日本語を学んでまだ1年強の生徒たちであるから、いくら優秀とはいえ、難しい語彙にはルビをふる必要があるのである。まあ、前半の経済的アプローチの分野は、そもそも日本の高校生向けに作ってあるし、すでに総合科目で講義している語も多いので、ルビは少ないのだけれど、政治的アプローチの分野、さらに文化人類学からのアプローチの分野になると、ルビの数がそれぞれ倍増していく。(笑)自分で読んでいても、最後のほうは完全に学術論文化している。こりゃあ、解説にだいぶ時間を必要としそうである。でも、それでいいと思っている。彼らが日本の文系の大学を目指す以上、避けて通れない高度な日本語の世界であるからだ。
今読んでいる「レヴィナスと愛の現象学」には、もっともっと凄い語彙が出てくる。
レヴィナスのテクストは「完全記号」である。
弟子となることは「命がけの跳躍」。
テクストを「眼光紙背」に読めば…。
テクストに固有の「知の周波数」に同調…。
…さすが人文科学、といいたくなるような語彙ばかりである。私のほうは、もちろん第一義で十分読解できる内容である。(笑)
ところで、今回の補習で伝えたいことは、いろいろあるのだけれど、もし本気で開発経済学を大学でもやってみようと思う生徒がいたら、「統計はウソをつく」と「貧困を救うテクノロジー」を読むことを勧め、私の本音を最後の最後で明かしている。

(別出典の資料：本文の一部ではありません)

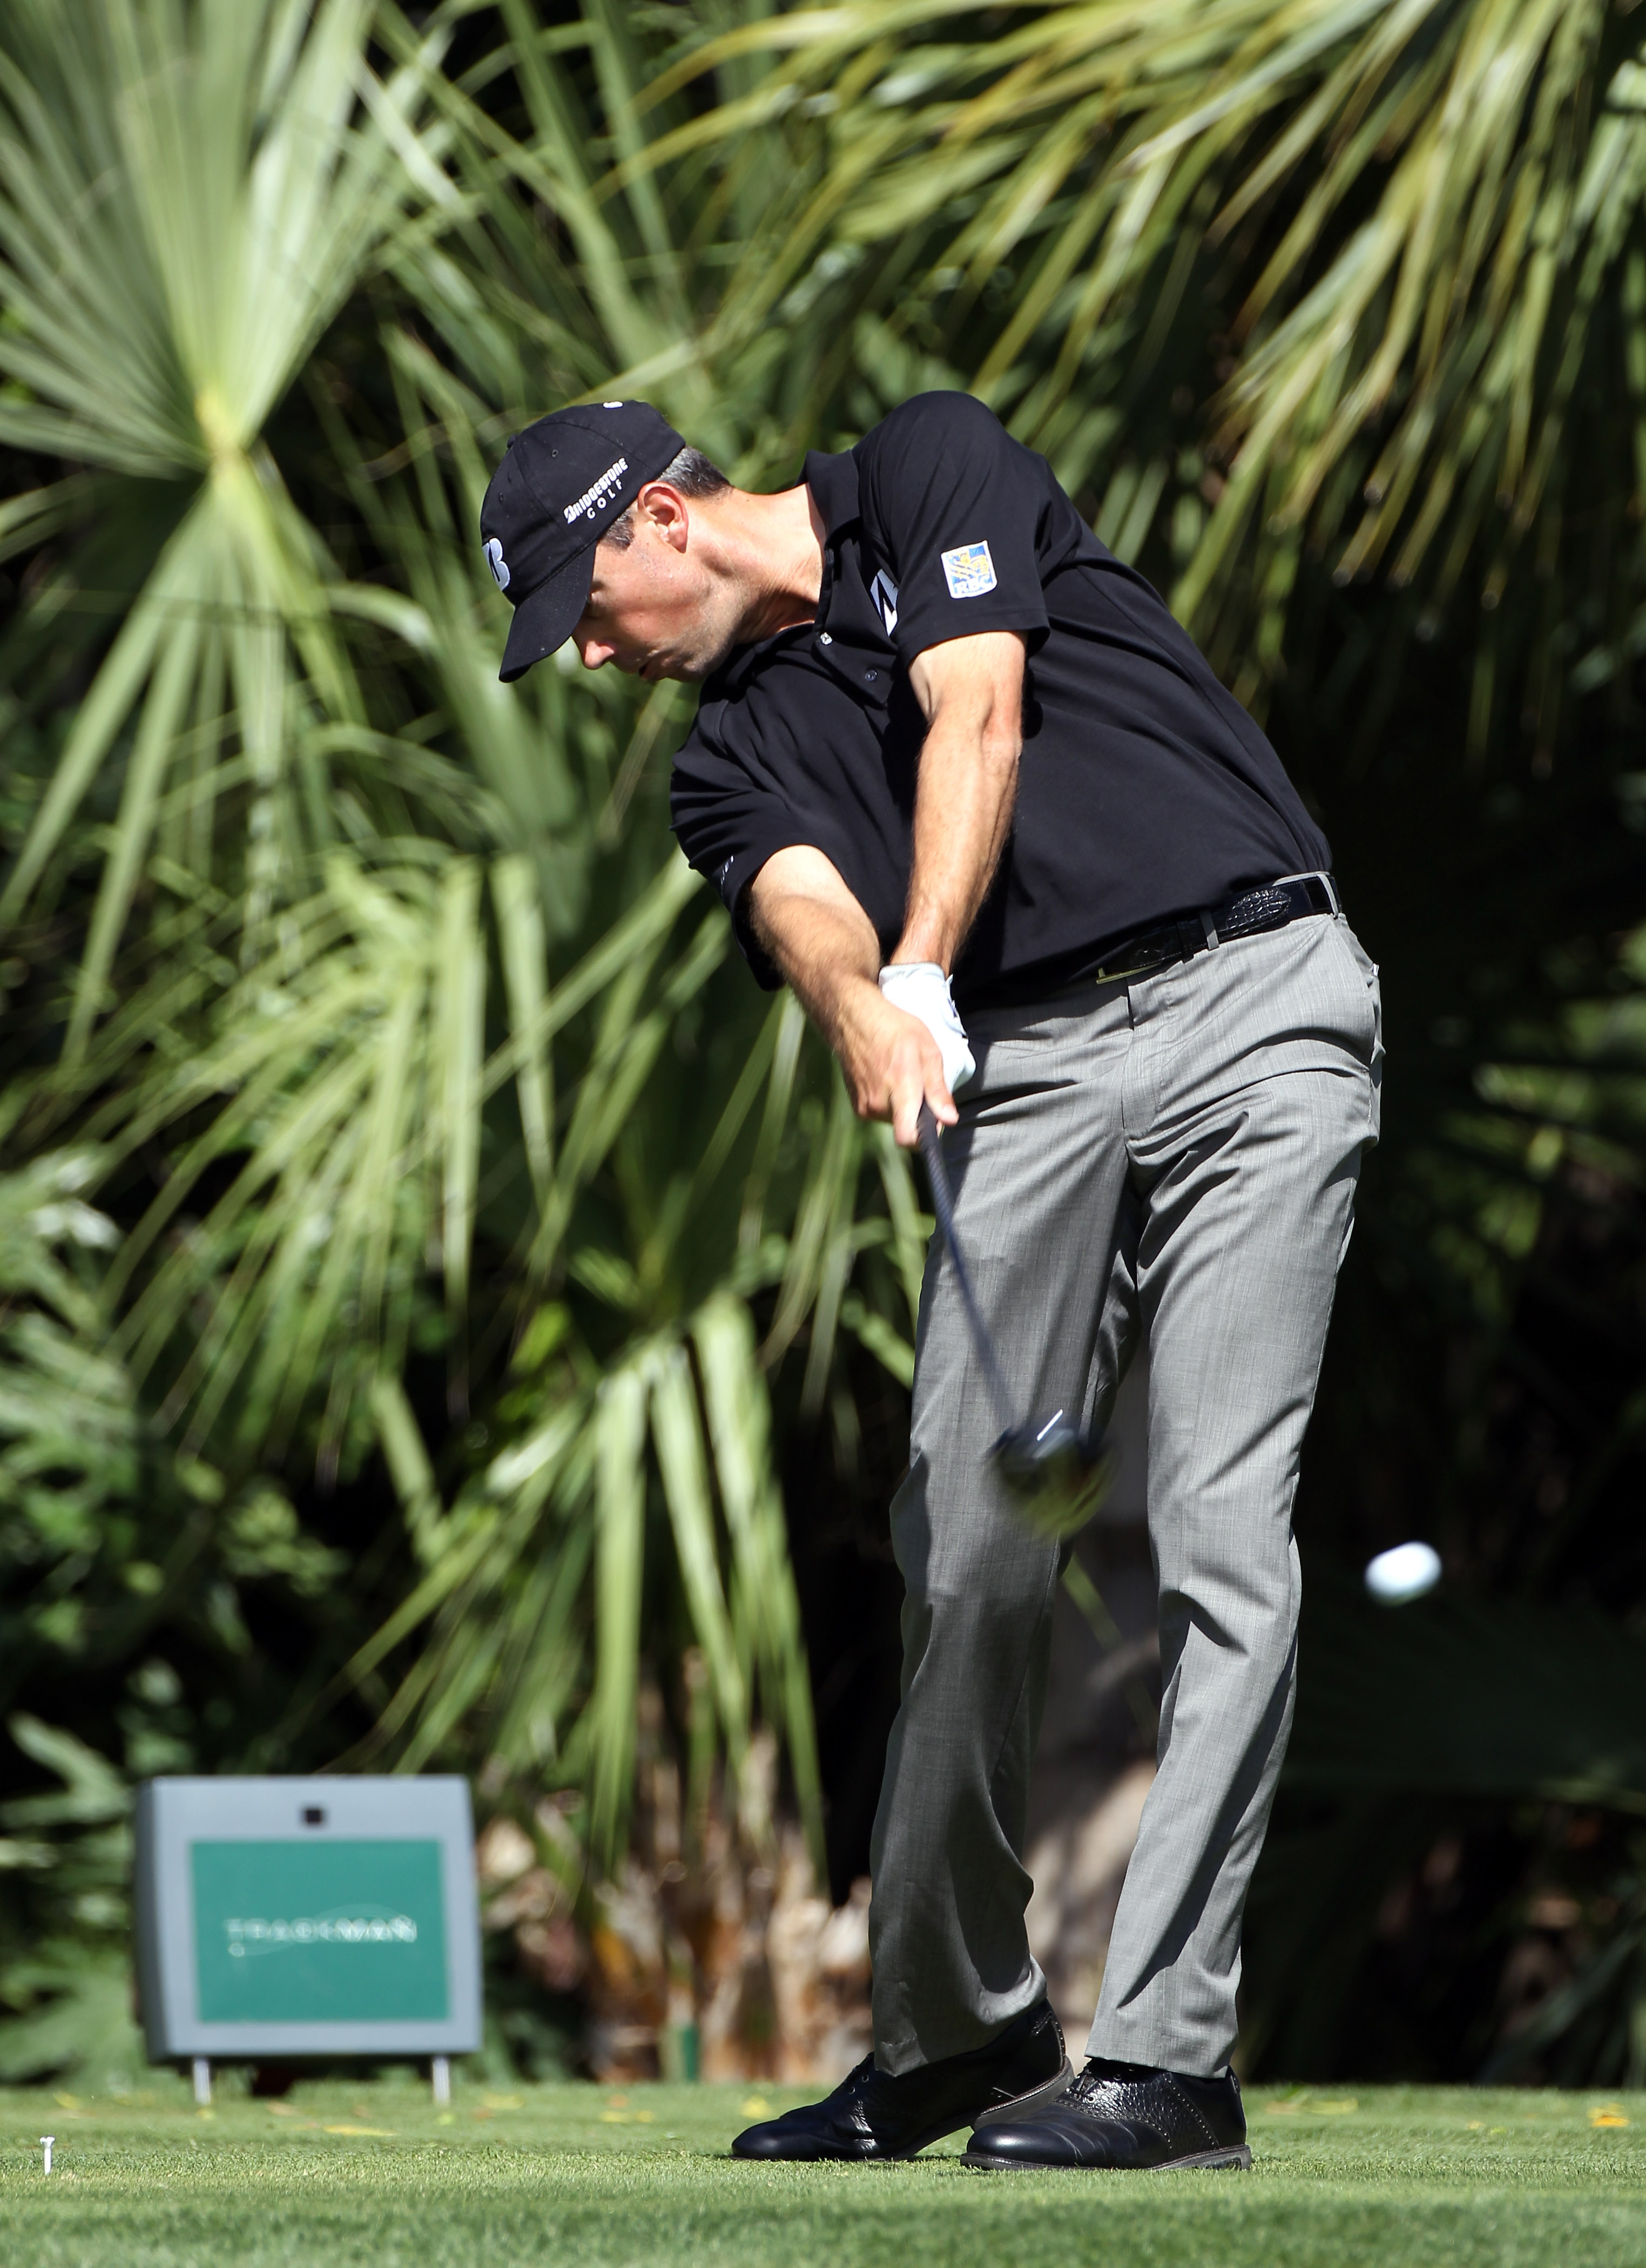 PALM BEACH GARDENS, FL - MARCH 04:  Matt Kuchar plays a shot on the 3rd hole during the second round of The Honda Classic at PGA National Resort and Spa on March 4, 2011 in Palm Beach Gardens, Florida.  (Photo by Sam Greenwood/Getty Images)

「このテキストが立脚している2015年MDGsがSDGsに取って代わるまでの時期の学問的集積を根底から覆すかもしれないからだ。時代は常に変化している。すでにこのテキストは古くなっている、という批判と可能性を著者は否定しない。それこそ教育者の本望である。」
つまり、もう古くなったかもしれない学問的な集積をあえて教えたのだよ、私を乗り越えていってね、ということである。だから、今回のテキストは、バージョンが刷新され、7となっているのである。